“Who can find a wife of noble character? She is far more precious than jewels.”
What do you do when you get an all-expenses-paid stay in your master bedroom with your eleven-year-old son for a week? You watch a lot of movies, for starters. The original Jurassic Park trilogy, The Santa Claus trilogy, and the first five hours of the extended editions of the Lord of the Rings trilogy so far. You work some as well. And you think. For me, I tend not to think in pictures or ideas. I think in words. And with tomorrow’s being a rather special day…for which I am in quarantine…I’ve done a fair bit of thinking in that direction. Here are a few thoughts that have come from it.
First and foremost: I married up. There’s just no other way to put it. And I did that seventeen years ago tomorrow. It’s hard to believe it has been that long. It doesn’t feel like it’s been that long. Other than perhaps dealing with some mild cold symptoms a week after having begun my first Covid journey, I don’t feel seventeen years older than when I stood at the makeshift altar and pledged my life to what was easily the most beautiful woman I’d ever laid eyes on. Yet here we are. And what a journey it has been.
That’s something I’ve been reminded of rather powerfully this week in particular. My bride has done it all this week. For starters, she’s working 10-hour days at the school in this season, so there’s that. On either side of that, she has gotten up early each morning to not only get herself ready for work, but to prepare food for my son and me that my oldest son can easily and safely deliver at breakfast and lunch while she is gone. Then, after an extraordinarily long day at work, she’s walked home straight into preparing dinner and picking up all the chores that need to be done before putting the other two to bed, making sure the two of us have all we need, getting things ready for the next day, and finally falling into bed herself.

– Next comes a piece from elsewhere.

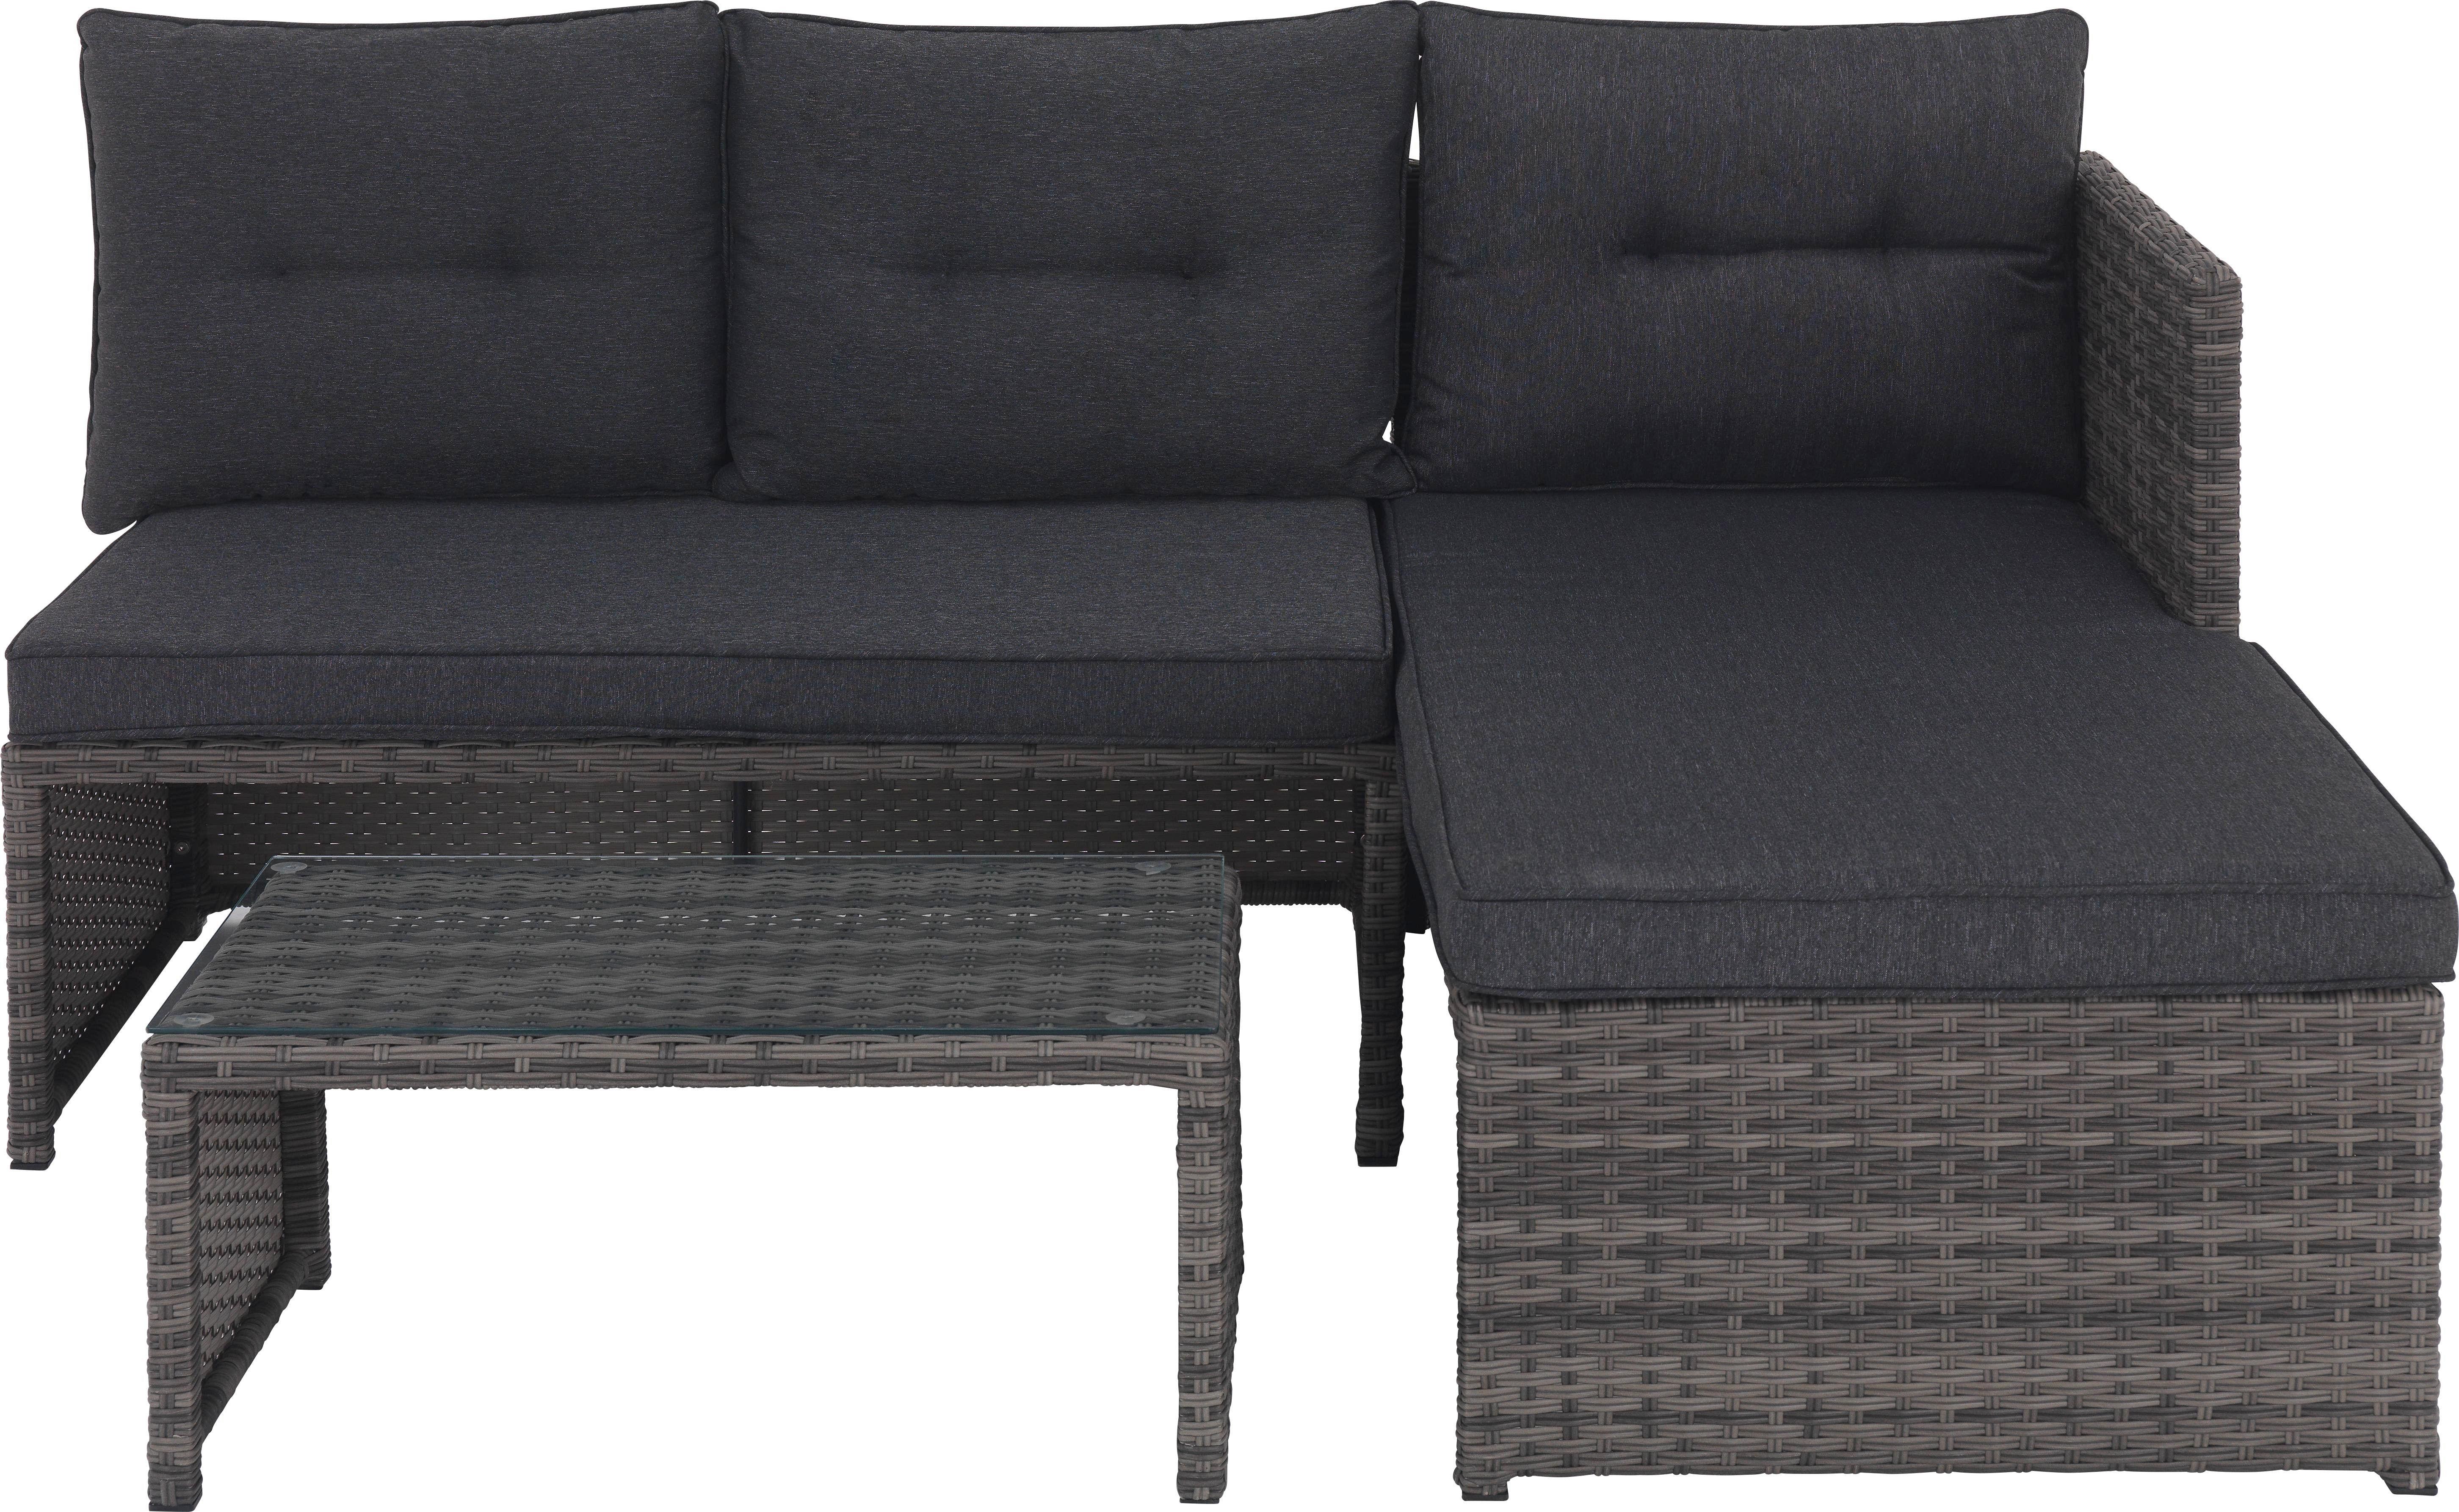 LOUNGEGARNITUR 7-teilig  173/120 cm - Grau, Design, Glas/Kunststoff (173/120cm) - Xora

And she’s done at all, now facing the same basic pattern (instead of working at school, she’ll work on church stuff at home all day) on our anniversary, with nary a complaint and even with a smile on her face.
And in one of the many times we have expressed our profound gratitude to her, her response was that this is what families do. And she’s right. It is. But it’s also not natural. But it is divine. And covenantal. While I’ve been dead weight for a week, she has lived up to her covenantal promise in ways that have communicated a depth of love that you really can’t understand through any lens except that of a marriage in the most Scripturally-sound definition you can imagine. She has shown God’s own sacrificial and patient love to us as she has offered yet another example of her being the perfect helpmate. Not that only, but my perfect helpmate.
My bride is kind. She thinks through a lens of kindness in a way most people simply don’t understand. She is constantly on the lookout for how she can do for others to make their situation easier than it was before. She is considerate that way. For her, being so considerate of others comes as naturally as breathing. She doesn’t even have to try to do it the way others do. And she is compassionate. Her heart breaks for the hurting. She will go to any lengths she can bear to help ease the suffering of another if it is within her power to do so. And if it is not, she will hurt for them. She will default to putting others first so naturally that she has to be reminded to make time for herself. And you’re stuck just having to hear about her. I get to be married to her.
My gratitude for the gift she is to me is profound beyond adequate words. And I’m mediocre at best expressing it beyond words. That’s a skill I have not developed nearly as well as I should have along the way. And here I am limited to nothing but words.
So, words I will use. In seventeen years, I have only started learning what a treasure I have in my bride. She is indeed far more precious than jewels. I am spectacularly undeserving of her love and care. Her companionship is sweeter than honey, her friendship like a breath of fresh air on a hot day. It restores strength and hope like few other things—and none of them of this world—do. She makes a hard day better, a heavy load lighter, a dark cloud brighter. And I get to call her my own.
To say I love her doesn’t begin to cover it. It can’t. I’m certain I don’t show it nearly as strongly as the feeling runs deep. Yet love that is not shown is love that is not received, so I endeavor onward. I endeavor onward in hopes of making sure she knows it. At seventeen years in, we are nearly to the point of having spent more of our lives together than apart. My only twinge of regret is that I had to spend the years without her that I did. More time would only be blessing. May I—may we—learn to enjoy and appreciate evermore the gift that we have. And may we enjoy together many more years in pursuit of God’s glory in this gift He has given us.
I love you, Lisa. Happy anniversary.